The European Union (EU) has taken a compromise approach. The recently enacted MiCA (Markets in Crypto-assets) grants cryptocurrencies a much softer status compared to traditional securities. For instance, creators of a crypto asset will not require prior approval from regulatory bodies to publish an official document for investors (a white paper). So, the EU has taken a third path—cryptocurrencies will not be treated as securities in the 27 member states, but they won't be left entirely unregulated either.

This decision has already received applause from the crypto market, although there are also pessimistic voices. What happens next? MiCA is not a directly applicable law for specific EU countries. Instead, it serves as a framework within which individual EU countries will issue their own laws and regulations for the crypto market. They have a maximum of 18 months to do so, until December 2024, which allows crypto projects to adapt to the new conditions.

Moreover, it will be possible to take advantage of national regulatory peculiarities in individual countries. Because MiCA is a framework law, it leaves some freedom for EU members to create their own national laws. And the freedom of capital movement within the EU has not been abolished either.

There are still two financial centers that will compete with the EU in terms of convenience for crypto finance — Switzerland and the United Kingdom. They are currently tuning their national laws and regulations regarding crypto assets, so European citizens will have choices.
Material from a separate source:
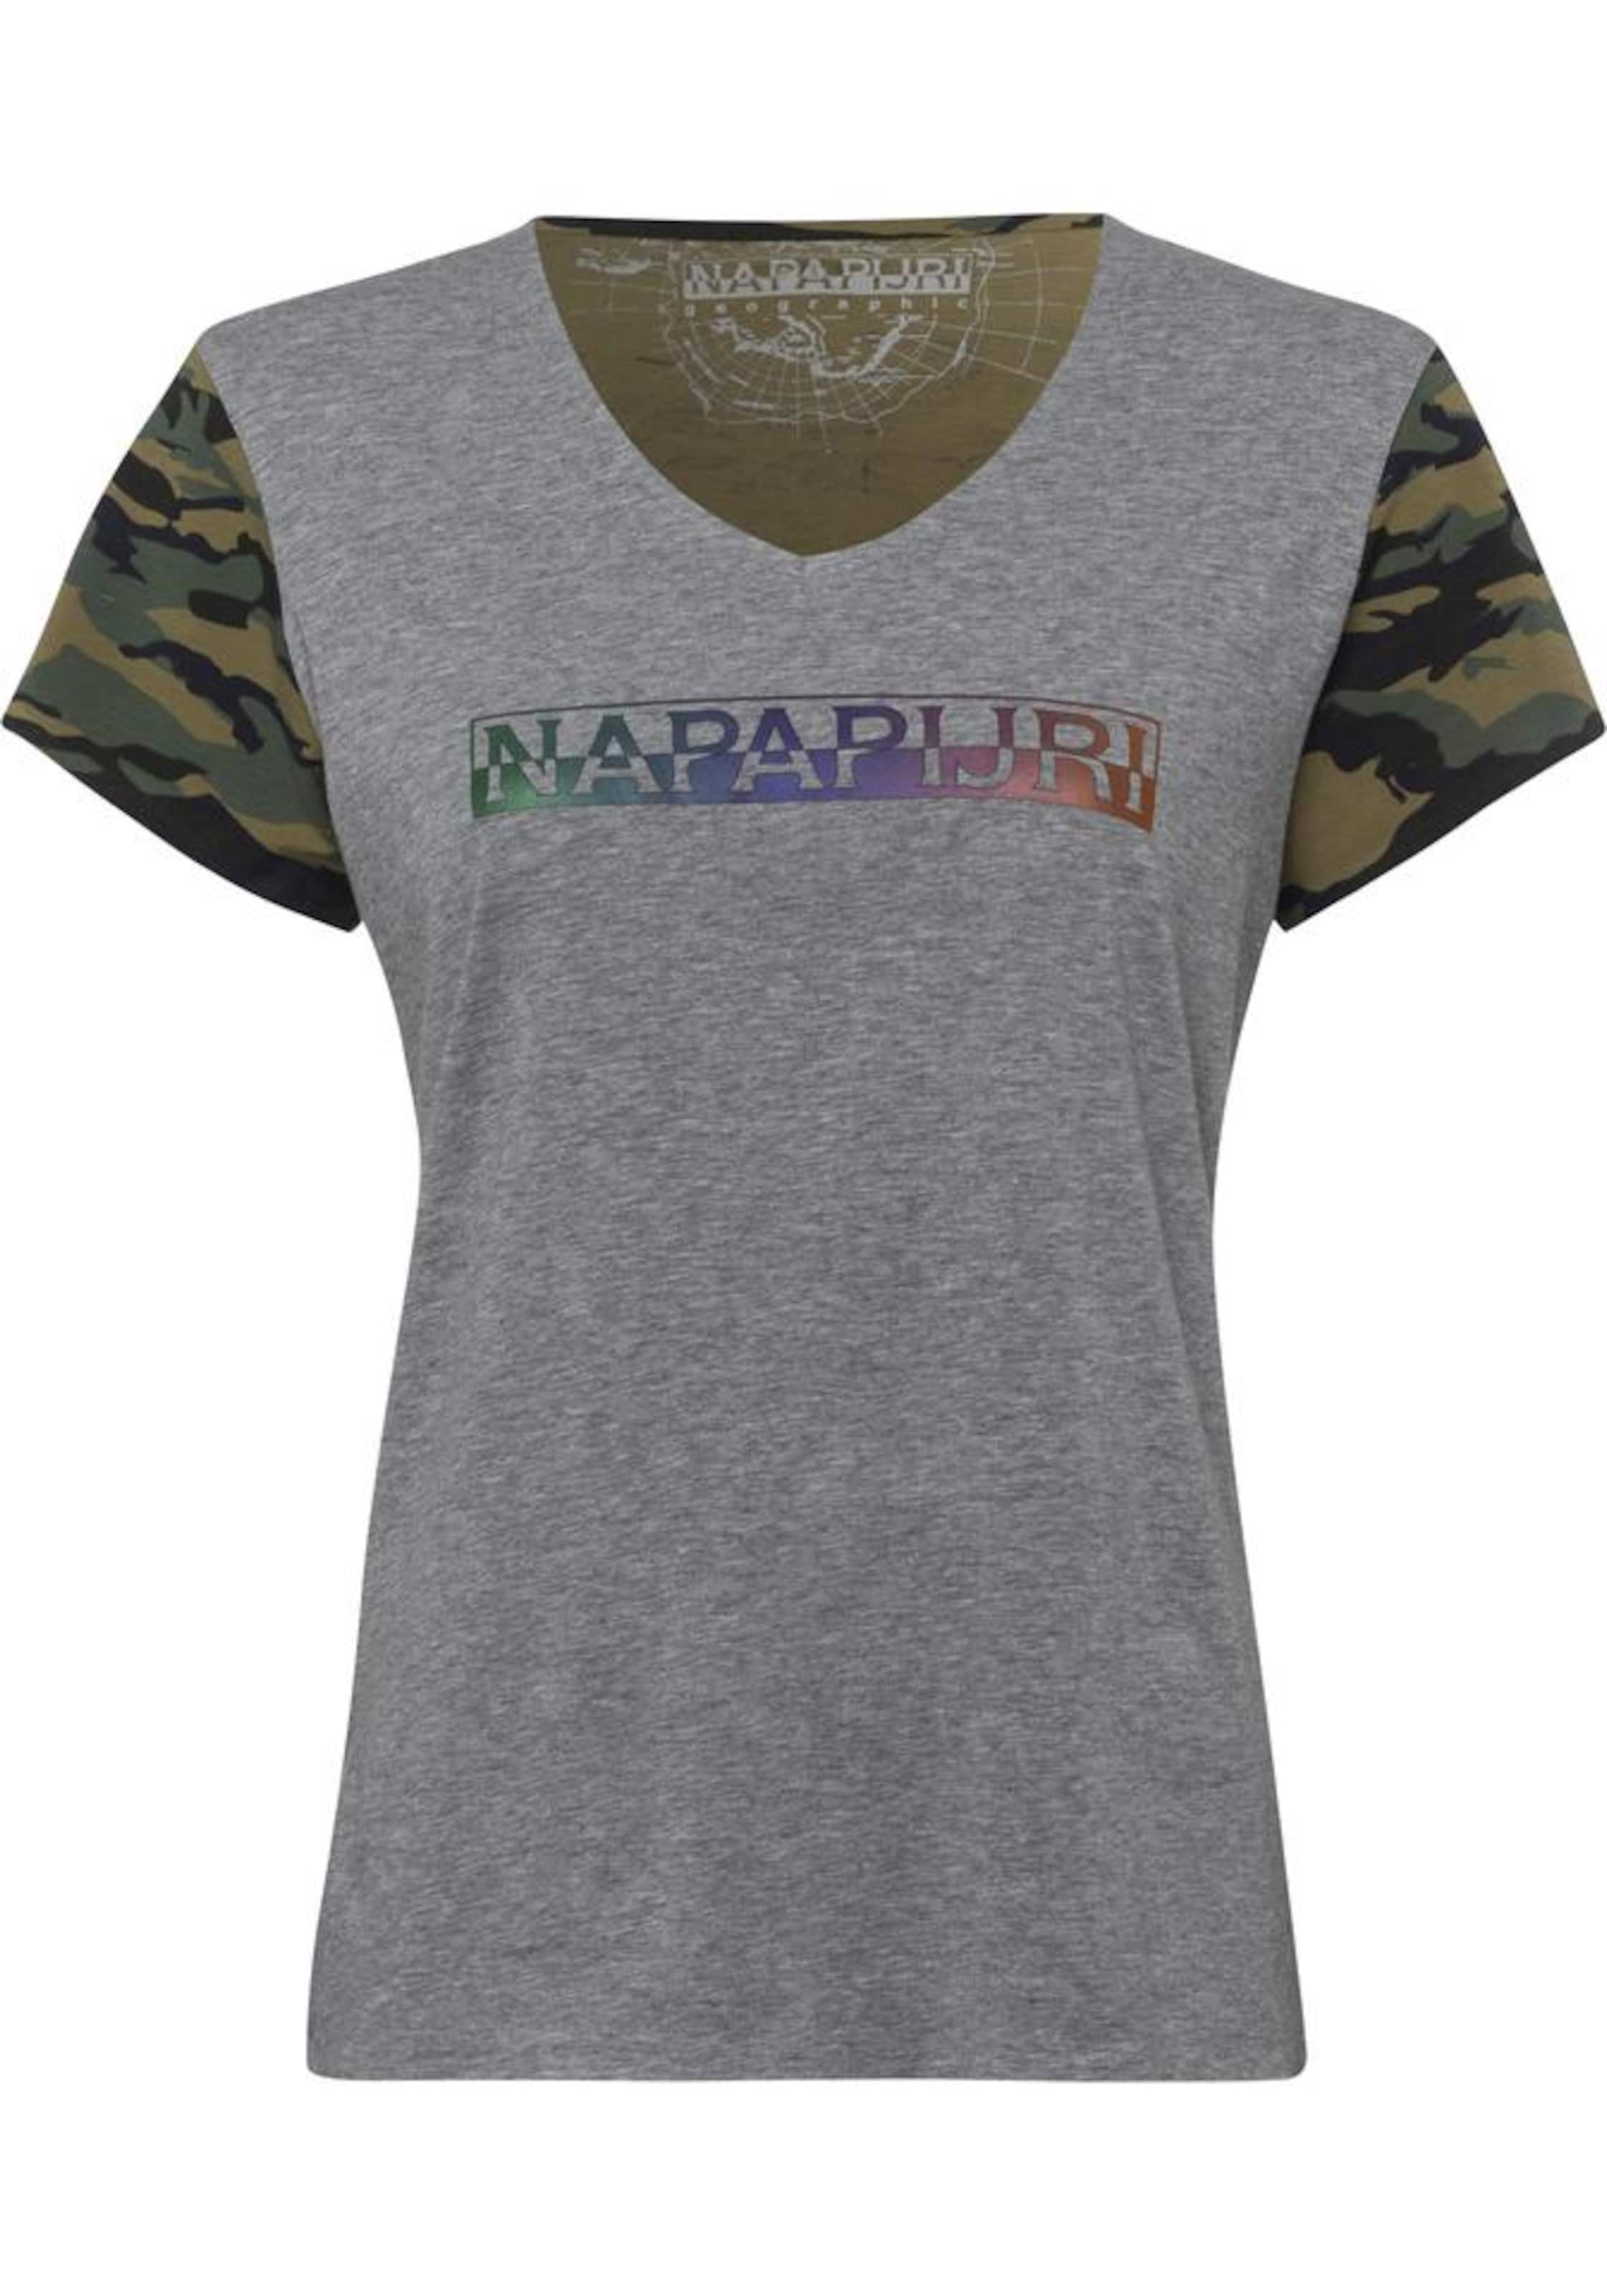 NAPAPIJRI Napapijri V-Shirt »Soury« Besuchen Neue Online Erschwinglich Günstig Online S9SzJVapV
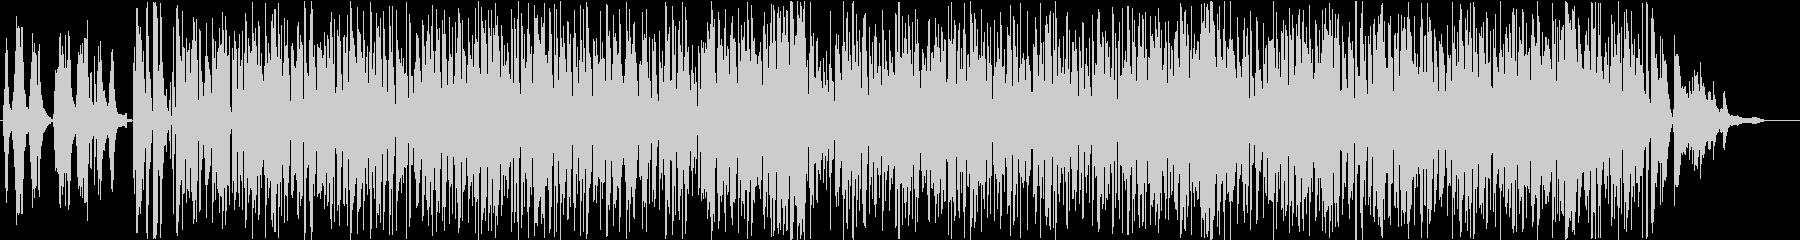 フランス・アコーディオンのスウィングの未再生の波形

As a side note, here are the three key rules of MiCA:

The most important requirement of MiCA is that cryptocurrency transfers, like any other financial transaction, must always be traceable, and suspicious transactions must be blocked. Information about the source of the asset and its beneficiary will travel with the transaction and be stored on both sides.

The MiCA law applies to transactions of over 1000 euros from autonomous wallets (the private user's cryptocurrency wallet address) when they interact with crypto asset service providers. The rules do not apply to peer-to-peer transfers(between private persons).

The MiCA law includes measures against market manipulation, money laundering, terrorist financing, and other criminal activities. As usual, sure. The European Securities and Markets Authority (ESMA) will create a public registry of crypto asset service providers that are illegal in the European Union.